モ make clean && make test && ./build/test
rm -fr build
mkdir build
clang -std=c99 -c -o build/btree.o btree.c
clang -std=c99 -c -o build/stack.o stack.c
clang -std=c99 -c -o build/btree_test.o btree_test.c
clang -std=c99 -c -o build/stack_test.o stack_test.c
clang build/btree.o build/stack.o build/btree_test.o build/stack_test.o -lcgreen -o build/test
Running "main" (14 tests)...
"btree_tests": 42 passes in 5ms.
"stack_tests": 10 passes in 2ms.
Completed "main": 52 passes in 7ms.
Sample Input and Output
A sample program can be found in 05/main.c that
prints out the traversal for an example tree.

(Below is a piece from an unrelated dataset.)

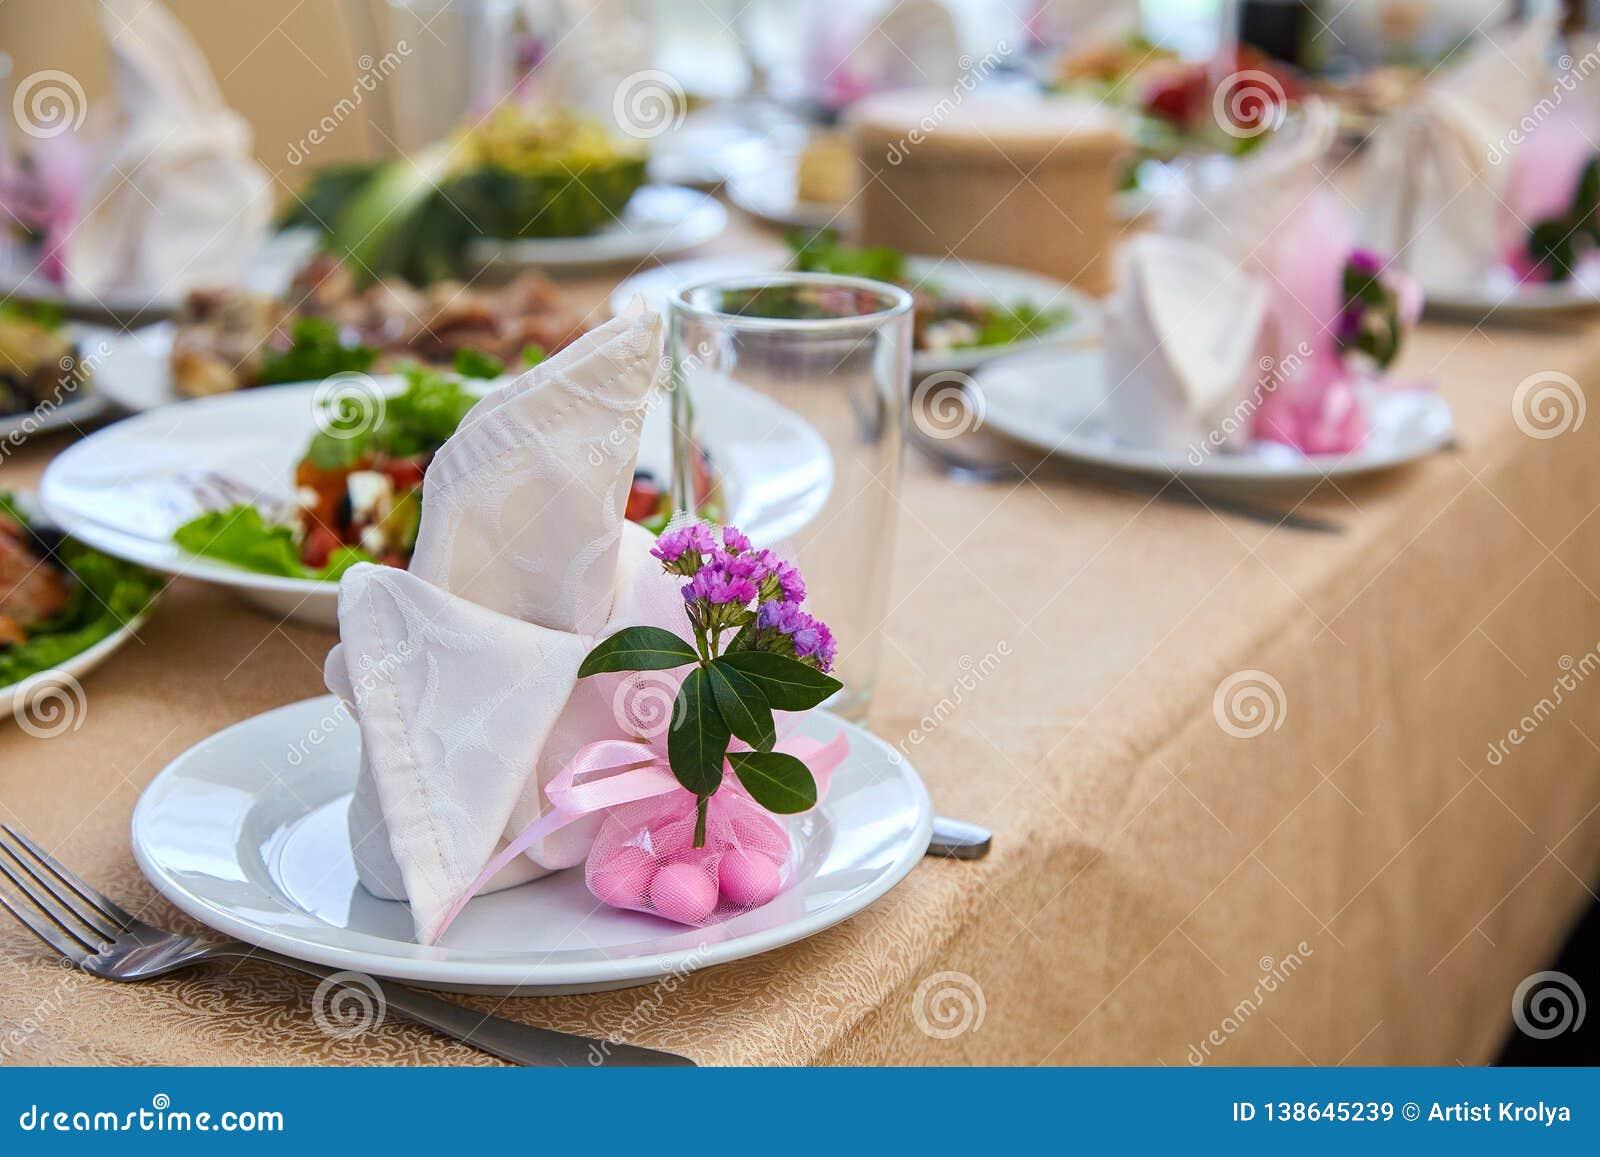 Gifta sig tabellinställningen för fint äta middag eller en annan skött om händelse

モ cd 05 && make clean && make && ./build/program
rm -fr build
mkdir build
clang -std=c99 -c -o build/btree.o btree.c
clang -std=c99 -c -o build/stack.o stack.c
clang -std=c99 -c -o build/main.o main.c
clang build/btree.o build/stack.o build/main.o -o build/program
=== COMP-272 - Assignment 02 - Question 05 ===
10
5
3
7
15
12
18
Pre order traversal:
10 5 3 7 15 12 18 0 0 0 0 0 0 0 0 0 0 0 0 0 0 0 0 0 0 0 0 0 0 0 0 0
In order traversal:
3 5 7 10 12 15 18 0 0 0 0 0 0 0 0 0 0 0 0 0 0 0 0 0 0 0 0 0 0 0 0 0
Post order traversal:
3 7 5 12 18 15 10 0 0 0 0 0 0 0 0 0 0 0 0 0 0 0 0 0 0 0 0 0 0 0 0 0
Bye
Discussion
Allocating space for 32 values for the pre order, in order and post order representation for each node in a binary tree is quite wasteful.
An alternative implementation might have returned a linked list instead of storing this data in an array on each node.